Directions for this task = Each line below must be reproduced exactly, though the pictures are to be dropped.

Given material =

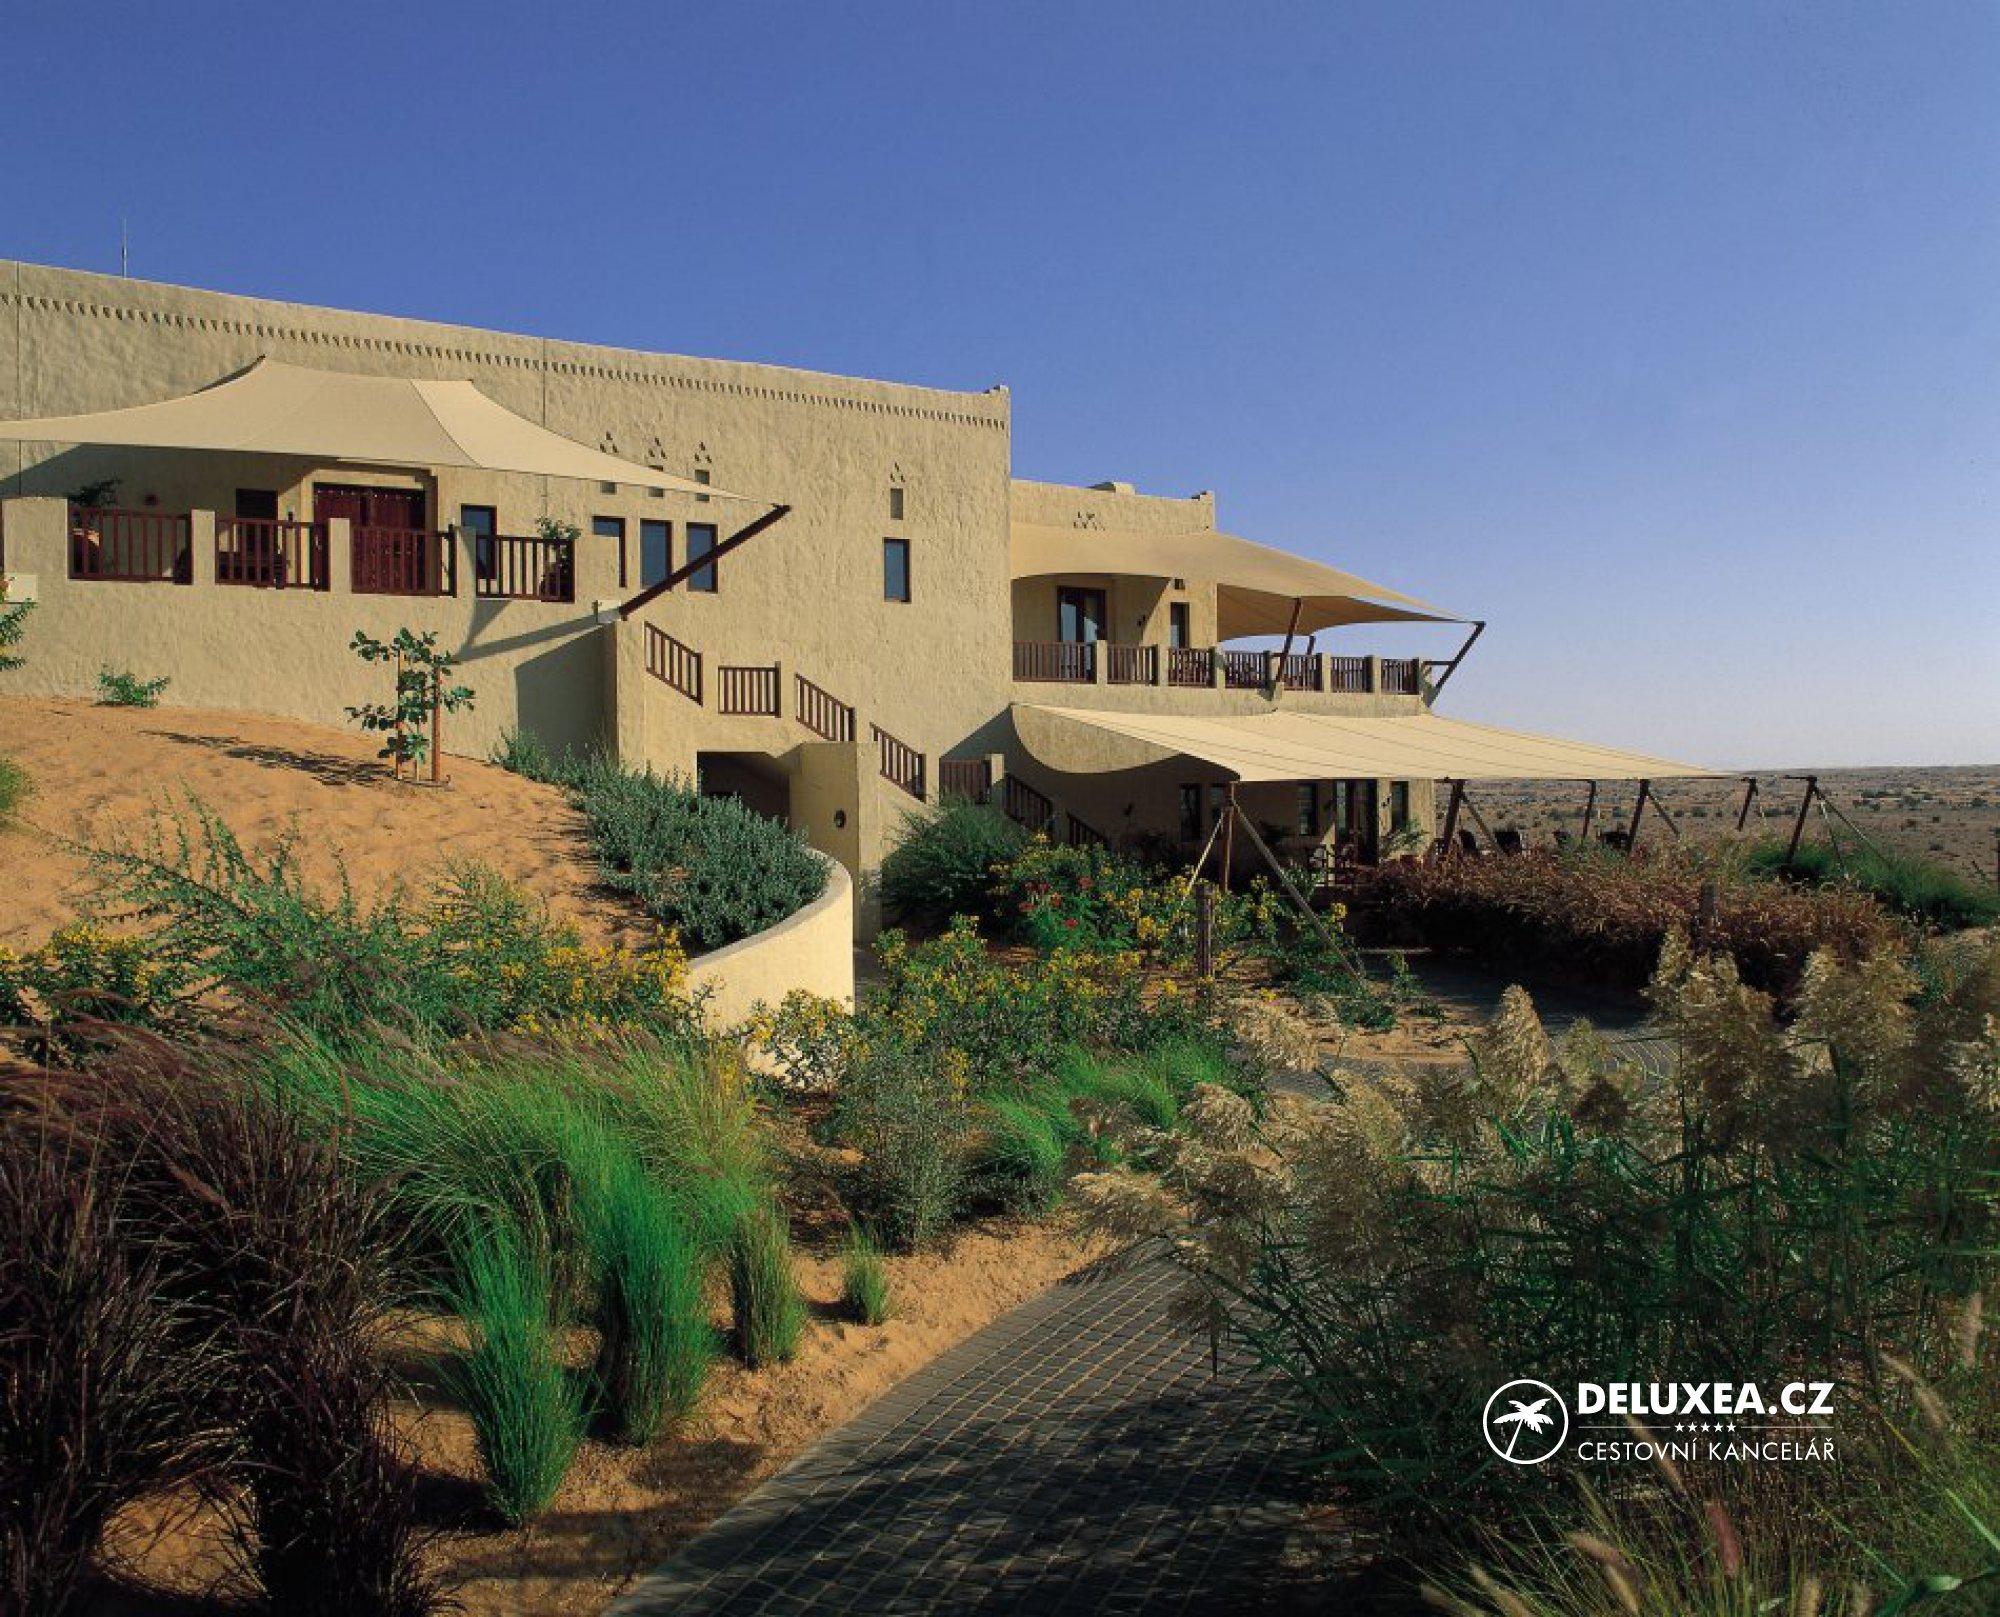 al maha desert resort essay Almaharesort subscribe subscribed unsubscribe 108 loading loading al maha desert resort & spa - 5 star desert resort in dubai - duration: 3 minutes.
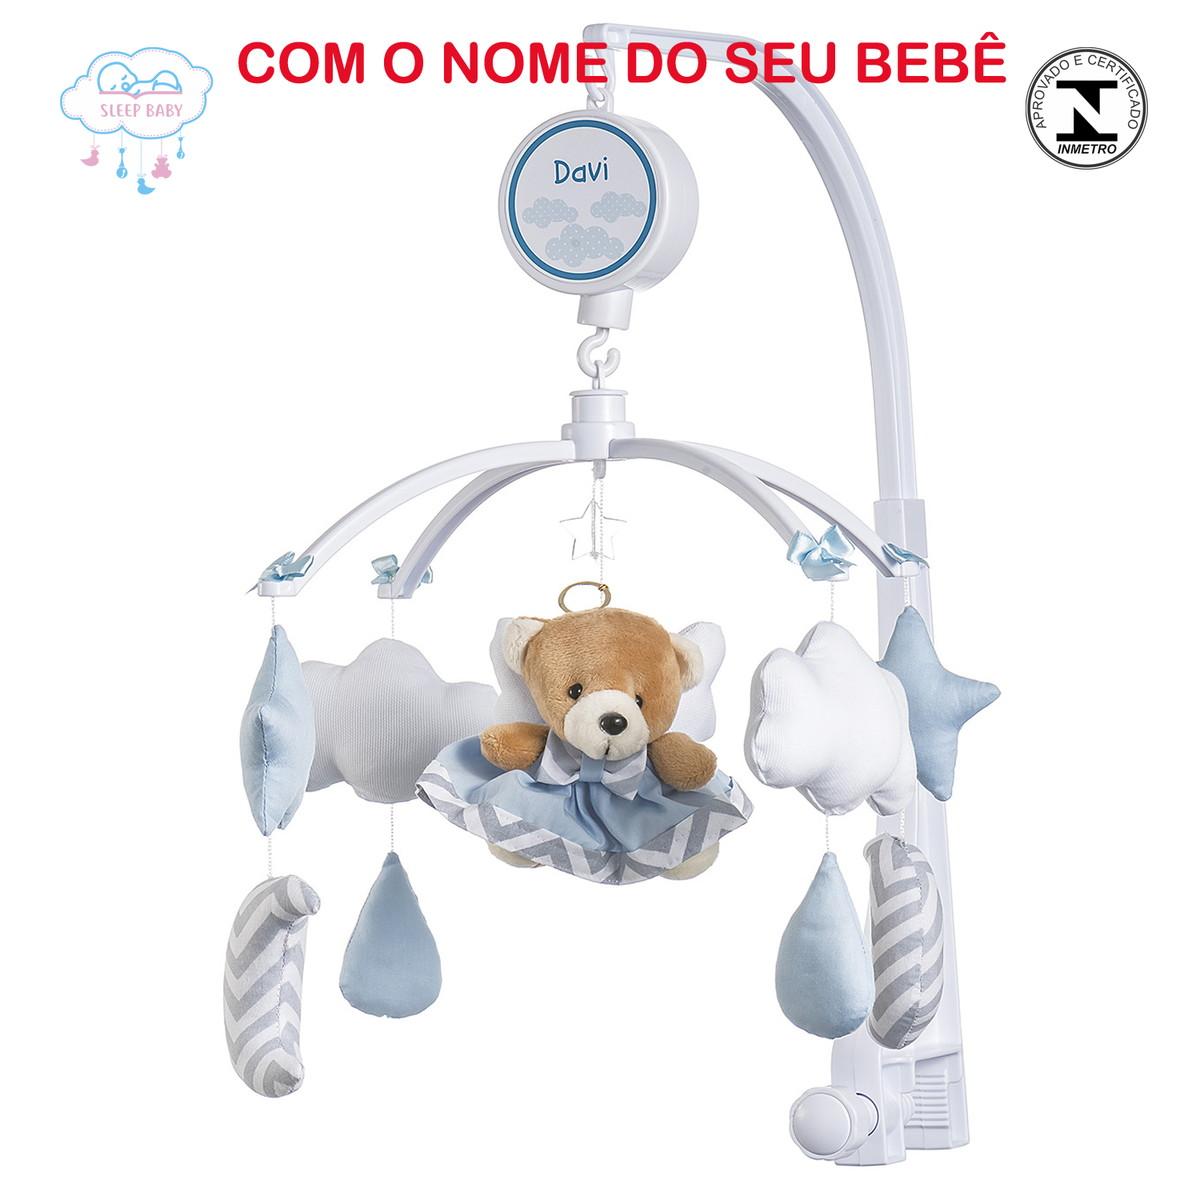 cebaf2d055 Móbile de berço Musical Ursinho Anjinho nas Nuvens Menino no Elo7 ...
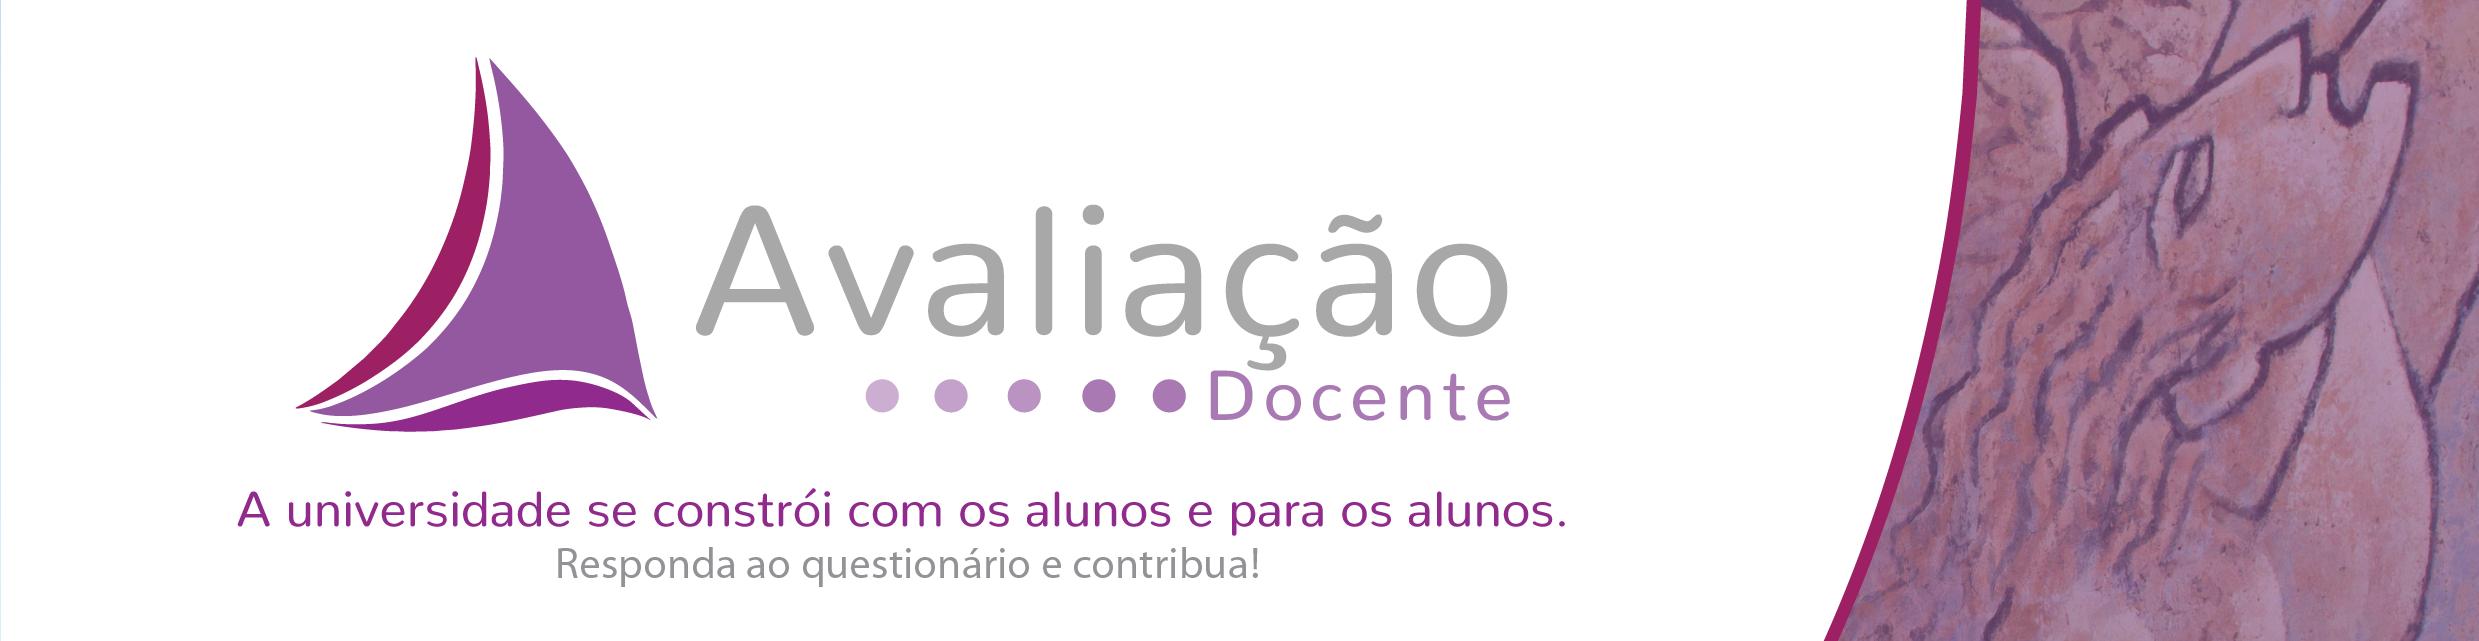 banner web avaliacao

Answer for this exercise =
 al maha desert resort essay Almaharesort subscribe subscribed unsubscribe 108 loading loading al maha desert resort & spa - 5 star desert resort in dubai - duration: 3 minutes.
 cebaf2d055 Móbile de berço Musical Ursinho Anjinho nas Nuvens Menino no Elo7 ...
 banner web avaliacao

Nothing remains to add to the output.